The ubiquity and sensing capabilities of mobile phones together with our seemingly symbiotic relationship to them, renders these devices good tools for tracking and studying human behavior (eagle2006reality, stopczynski2014measuring). Mobile phones are ubiquitous and have permeated nearly every human society: in the year 2015 98.3% of the world’s population had a mobile subscription (itu2016). Mobile phones have transformed the way people access the internet as well: today the majority of traffic to web pages stems from mobile devices rather than from desktop computers (stonetemple), making advertisers target mobile phones to a higher degree. With the standard methods based on cookies for identifying customers not being used in smartphone apps, along with the rising usage of ad-blockers among users (pagefair2017), advertisers and so-called data brokers are now targeting smartphone applications to replace the rich data cookies provided in the past. Advertisement identifiers are one such ID embedded in applications, but they do not allow data brokers to track users across multiple applications or devices, and they can even be reset by the user. Application usage behavior, however, cannot be cleared, and it is hard (and in many cases not feasible) to be changed or manipulated by users. This creates an economic incentive for global population tracking of application usage. This tracking is in conflict of users’ perception of permissible usage of data (martin2018penalty). Also, in general, users are not knowledgeable enough about what data is collected about them to make an informed decision (posner1981economics).
A majority of the online services people interact with on a daily basis collect personal information and sell the data to data brokers (third parties) (anthes2015data). In a recent report released by the U.S. Federal Trade Commission, it was shown that data broker companies obtain vast amounts of personal data, which they further enrich with additional online and offline sources, and re-sell these improved datasets to the highest bidder, typically without the explicit consent or knowledge of the users (ramirez2014data). According to U.S. privacy laws, data is considered anonymous if it does not contain personally identifiable information (PII) such as name, home address, email address, phone number, social security number, or any other obvious identifier. As a result, it is legal for companies to share and sell anonymized versions of a dataset. However, as studies have shown, the mere absence of PII in a dataset does not necessarily guarantee anonymity due to the fact that it is relatively easy to compromise the privacy of individuals (narayanan2008robust, sweeney2002k, de2013unique).

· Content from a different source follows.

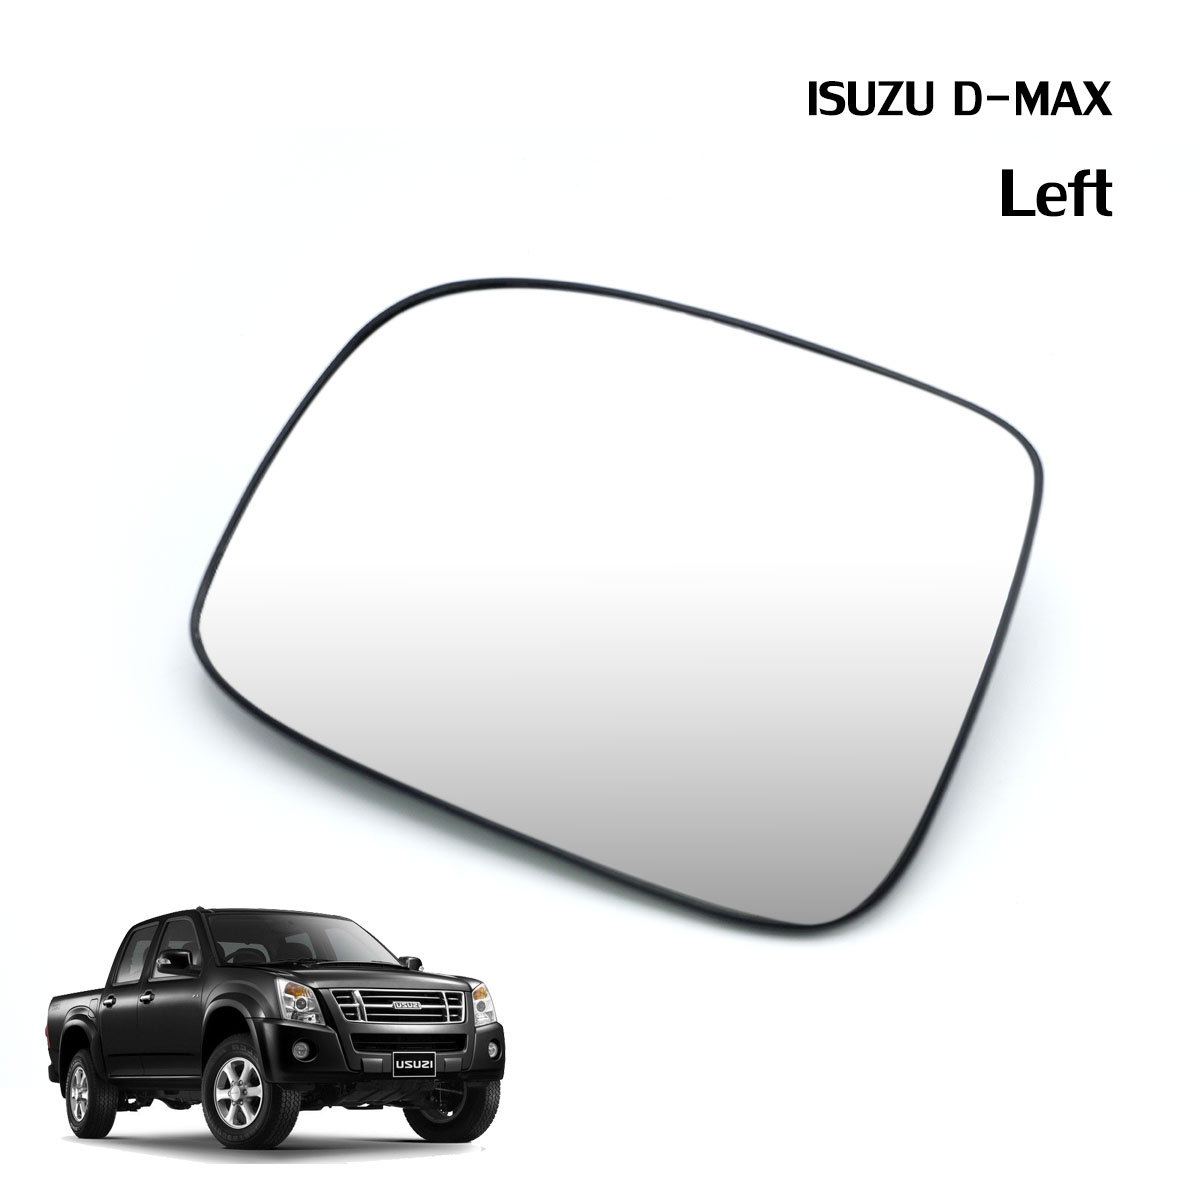 เนื้อเลนส์กระจก ข้าง ซ้าย ใส่ Isuzu D-Max Gold series LH Wing Side Door Mirror Glass Len D-Max Gold series Isuzu 2003-2011

Human behavior, although imbued with routines, is inherently diverse. Previous work has shown that 99.4% of smartphone users have unique app usage patterns and established the viability of using apps as markers of human identity, similar in application to fingerprints in forensic science (falaki2010diversity, welke2016differentiating, achara2015unicity). It has further been demonstrated that the software infrastructure we use to access the Internet can be used to identify users (eckersley2010unique). The digital breadcrumbs we leave online can be used to infer many aspects of our lives. It has been shown for example that age, gender, relationship status, education level, political beliefs, sexual orientation, religion, and even personality can be predicted from Facebook likes (kosinski2013private, youyou2015computer), or based on the apps people use on their smartphones (chittaranjan2013mining, seneviratne2014predicting, malmi2016you). Human mobility traces has been shown to be highly unique and research has further shown that 4 spatio-temporal points are sufficient to re-identify a majority of individuals (de2013unique).
This study demonstrates how easy it is to uniquely identify individuals from their smartphone usage patterns given only a handful of data points, and investigates the temporal patterns of uniqueness, revealing that humans are easier to identify during certain periods of the year. We define identification as matching a behavior pattern against an (anonymous) quasi-identifier consisting of a similar pattern. In the dataset we use, no further information can be gained about the user beyond matching two patterns. However, in a real world scenario, an attacker could use this method for connecting two datasets to learn new information about the re-identified user, e.g. email address, age, or gender, depending on the data available to the attacker. Our study focuses on applications (apps) — small software programs which users can download to their smartphones, and which provide a near unlimited range of functions, from simple functions such as flashlights or calculators to more advanced—artificial intelligence like—functions. Each new phone comes with a set of apps pre-loaded by the manufacturer, but a user is free to customize their device to suit their specific needs, as such users have access to millions of apps on app stores such as Google Play (approx. 2.8 million apps) (appbrain).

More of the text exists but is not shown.